» **Task objective**
Take the listing below and print exactly the lines starting at the line containing "2019广东省青少年花样滑冰锦标赛顺利举行" and ending at the line containing "image 11 - Appartement", both ends included, and no others.

» **Information provided**
################

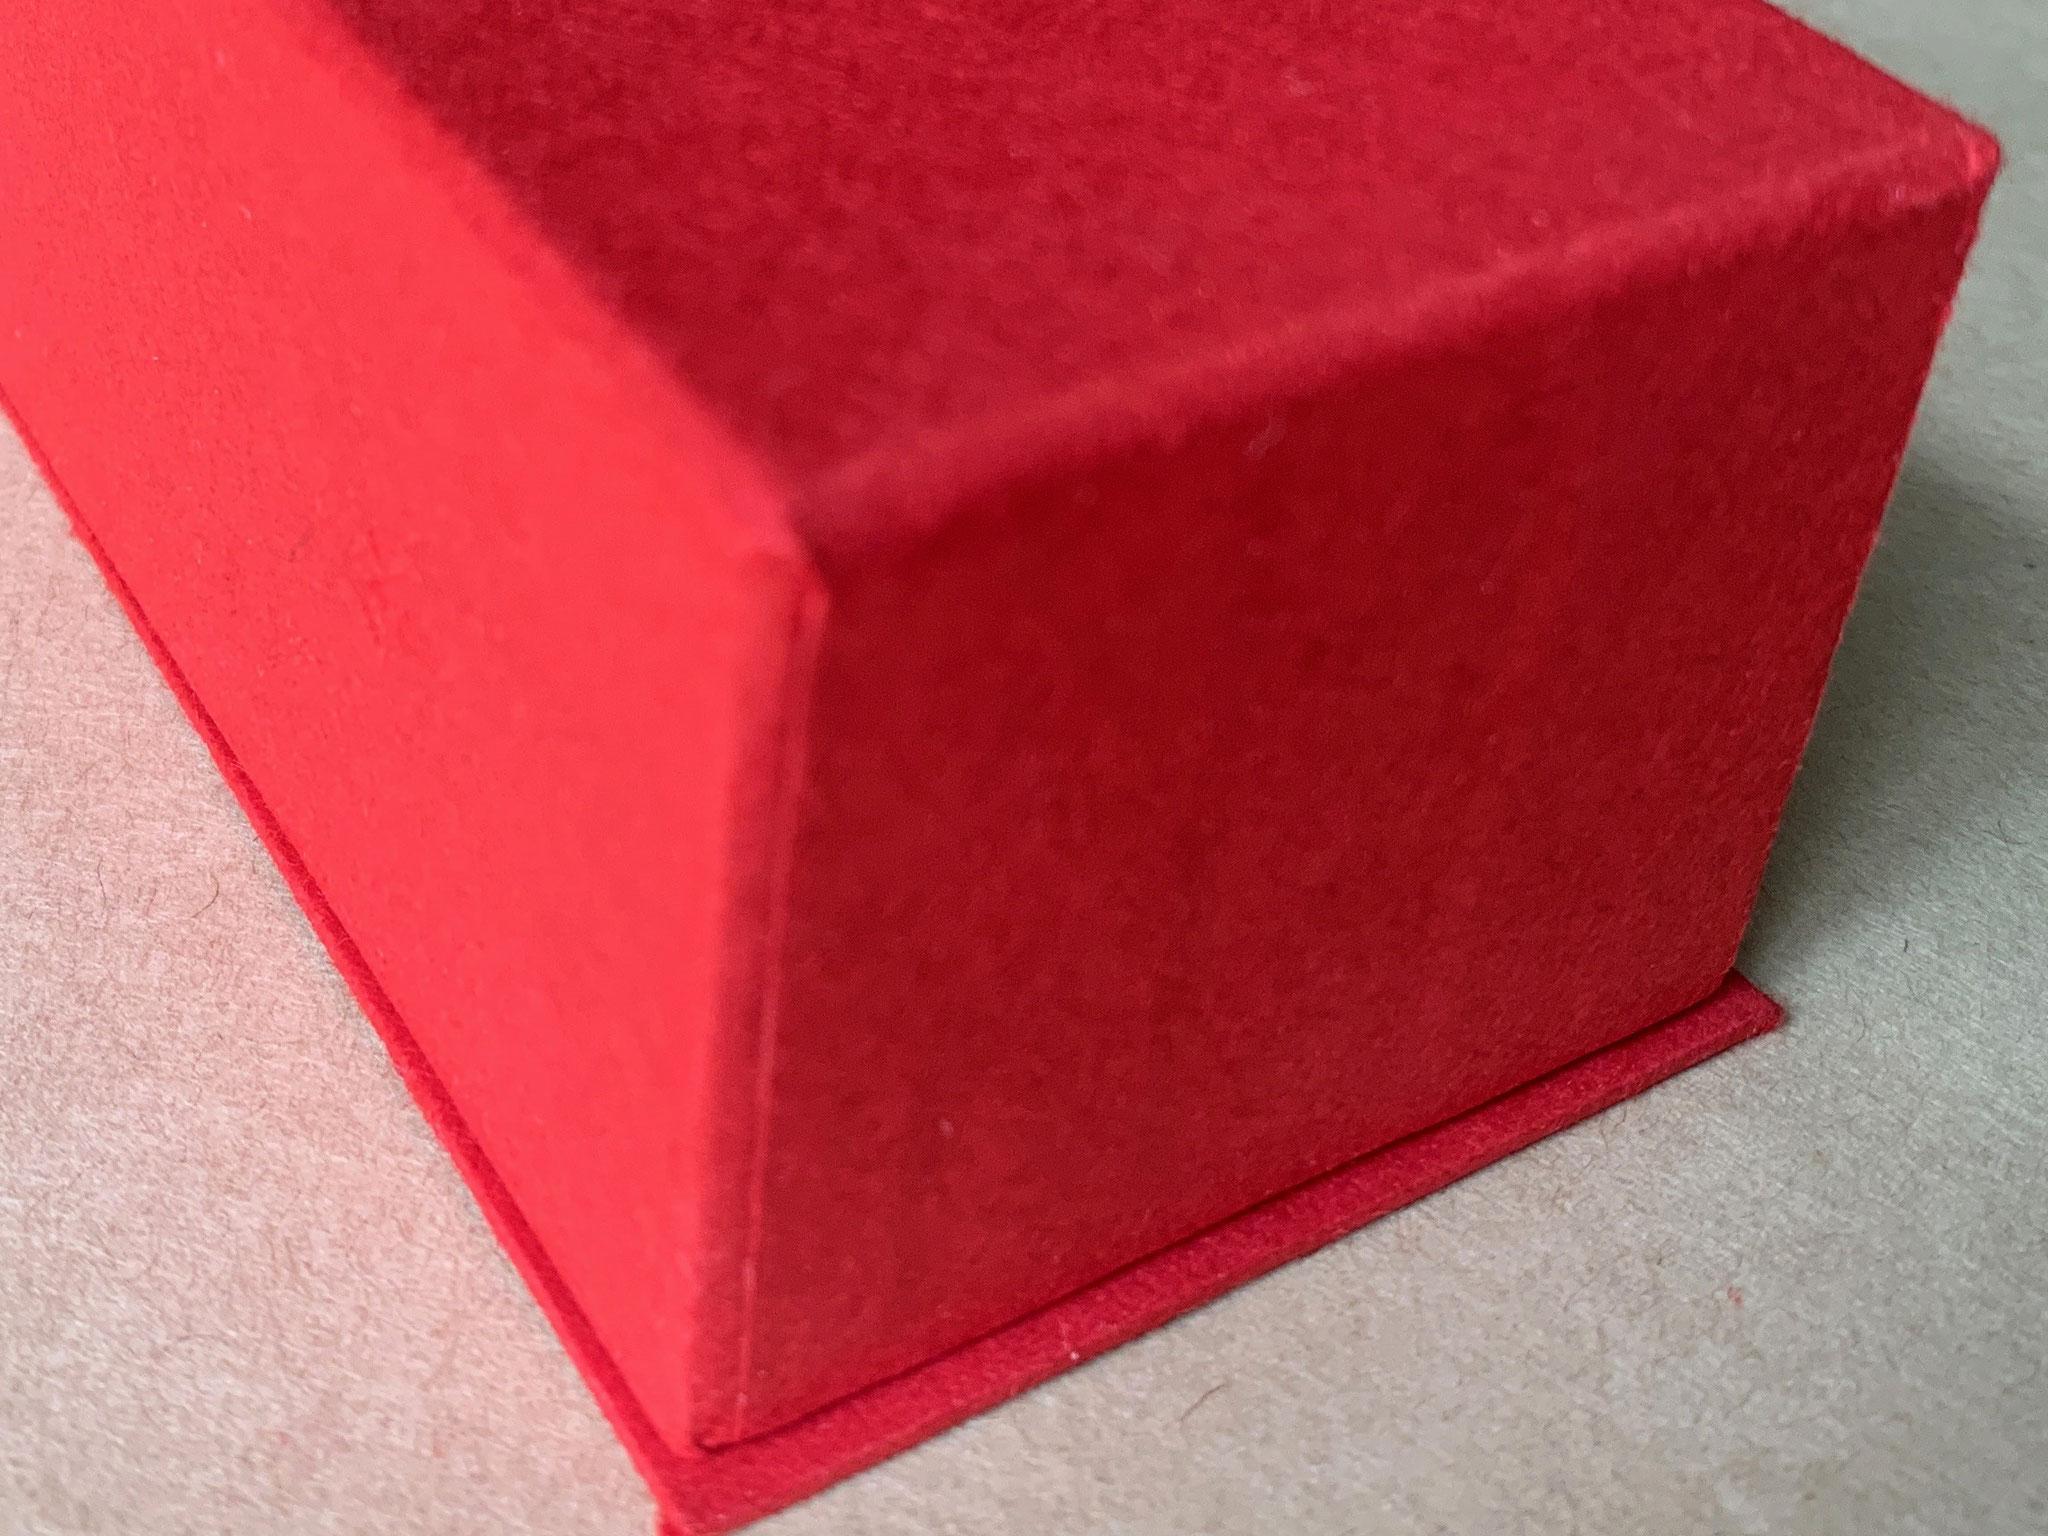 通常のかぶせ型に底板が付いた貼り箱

################

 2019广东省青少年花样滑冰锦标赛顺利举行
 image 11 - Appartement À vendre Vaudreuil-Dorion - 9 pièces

################

» **Solution to this problem**
 2019广东省青少年花样滑冰锦标赛顺利举行
 image 11 - Appartement À vendre Vaudreuil-Dorion - 9 pièces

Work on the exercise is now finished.